Cead Mile Failte — A hundred thousand welcomes — from the Greater New Haven St. Patrick’s Day Parade Committee. The St. Patrick’s Day Parade tradition was born in New Haven on March 17, 1842, when about 90 members of the Hibernian Provident Society, a mutual aid organization formed the previous year, marched through the city streets behind a banner made especially for the occasion.
Lovingly sewn into the banner were traditional Irish depictions: St. Patrick in his bishop’s robes, an Irish wolfhound, a harp, shamrocks, and a portrait of Gen. Richard Montgomery, the Irish-born hero of the American Revolution. As Joan Moynihan and Neil Hogan, authors of “Images of America: New Haven St. Patrick’s Day Parade” explained, the banner had two mottos which bespoke the dual loyalties of the marchers: “e pluribus unum” and “Erin go bragh.”
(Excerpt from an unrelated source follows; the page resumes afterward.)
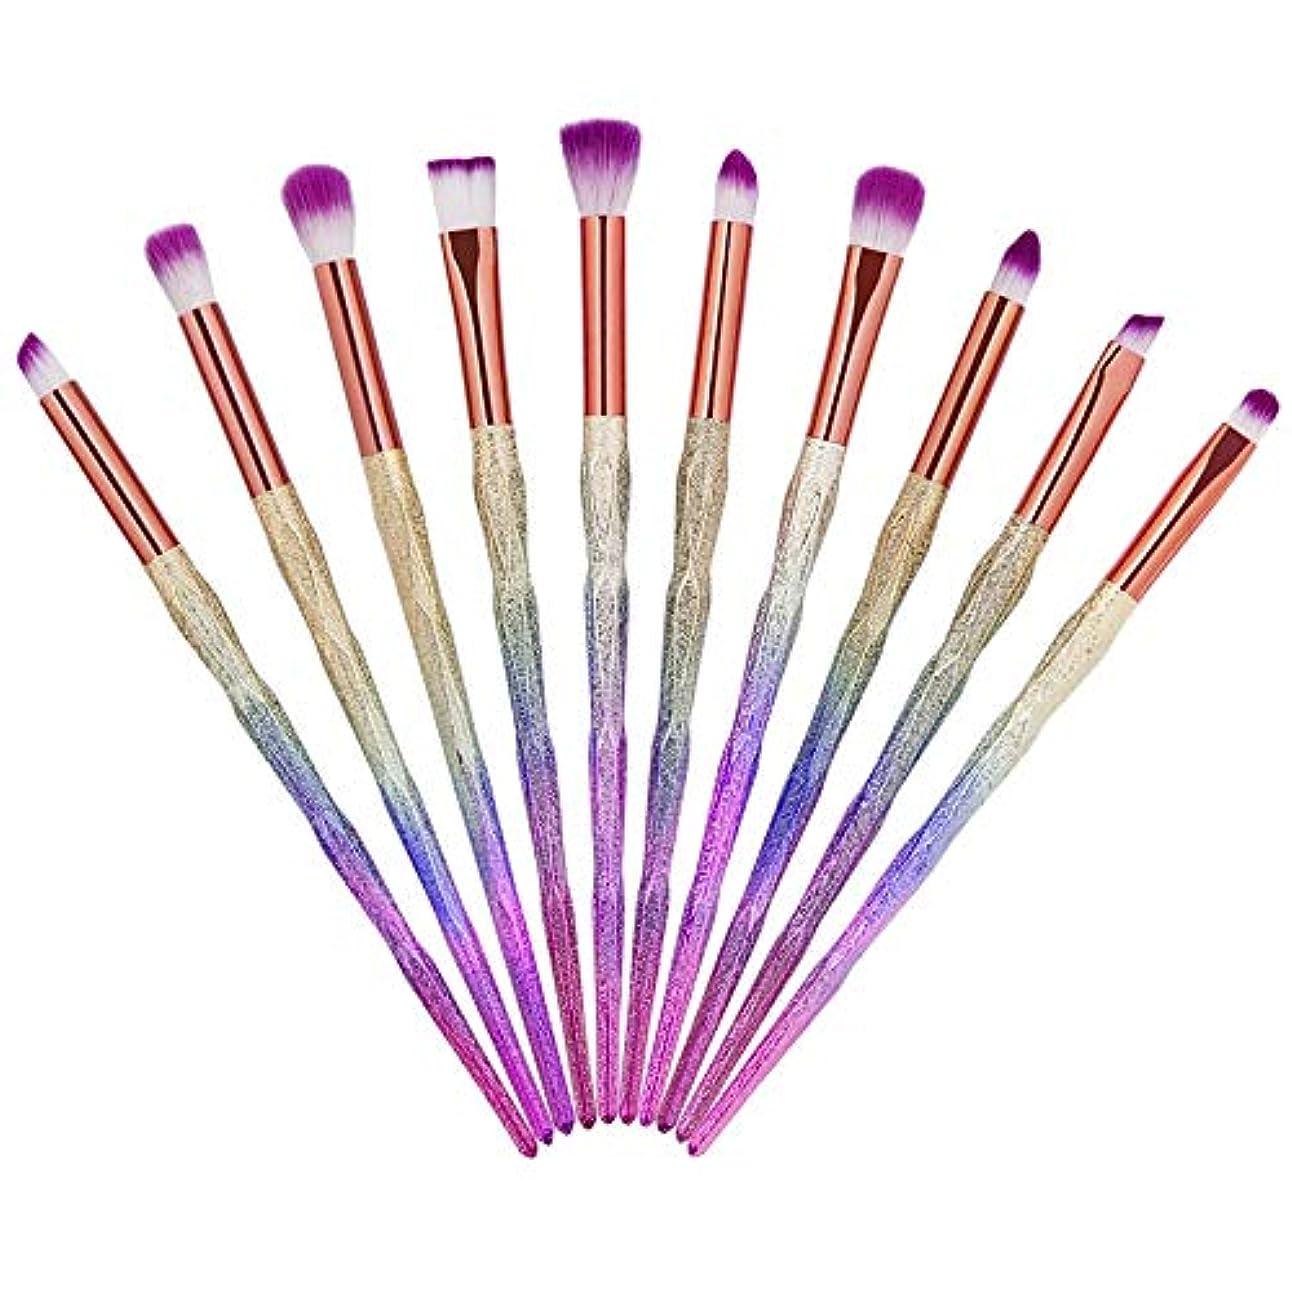 タックル懐疑論パイプアイシャドウブラシセット メイクブラシ 12本セット 化粧筆 フェイスブラシ 化粧ブラシ 携帯便利 高級繊維毛 化 専用ポーチ

Since the mid-1950’s the St. Patrick’s Day Parade of Greater New Haven has become one of New England’s premier Irish events. It is the largest, single-day spectator event in the State of Connecticut. As the 6th oldest parade in the nation, its fame was recognized by the Library of Congress in 1999. This keepsake of New Haven’s Irish community became a national keepsake when the Library of Congress selected the Greater New Haven St. Patrick’s Day Parade as an outstanding example of American folk life. (Moynihan and Hogan)
Thank you to all who participate, attend and support the Greater New Haven St. Patrick’s Day Parade. An estimated 325,000 spectators lined the streets of the Elm City in 2012. We are finalizing the 2018 parade which will take place on Sunday, March 11, 2018. We are very proud of this great tradition and we invite you to enjoy the information and history of our great parade in the pages of this web site!
Associated Irish Societies
Background on the AIS
As the Irish population grew in New Haven various Irish organizations were formed: the Sons of Irishmen; Friendly Sons of St. Patrick; the Ancient Order of Hibernians, the oldest catholic lay organization in America; the Irish American Social Club; and the Knights of St. Patrick; (established on March 17, 1878, the Knights have held an annual banquet on St. Patrick’s Day since its inception). These organizations became known as the Associated Irish Societies, and over the years it has been their responsibility to organize and fund the parade along with two “newer” organizations the
New Haven Gaelic Football & Hurling Club and IACC in East Haven and the West Haven Irish American Club.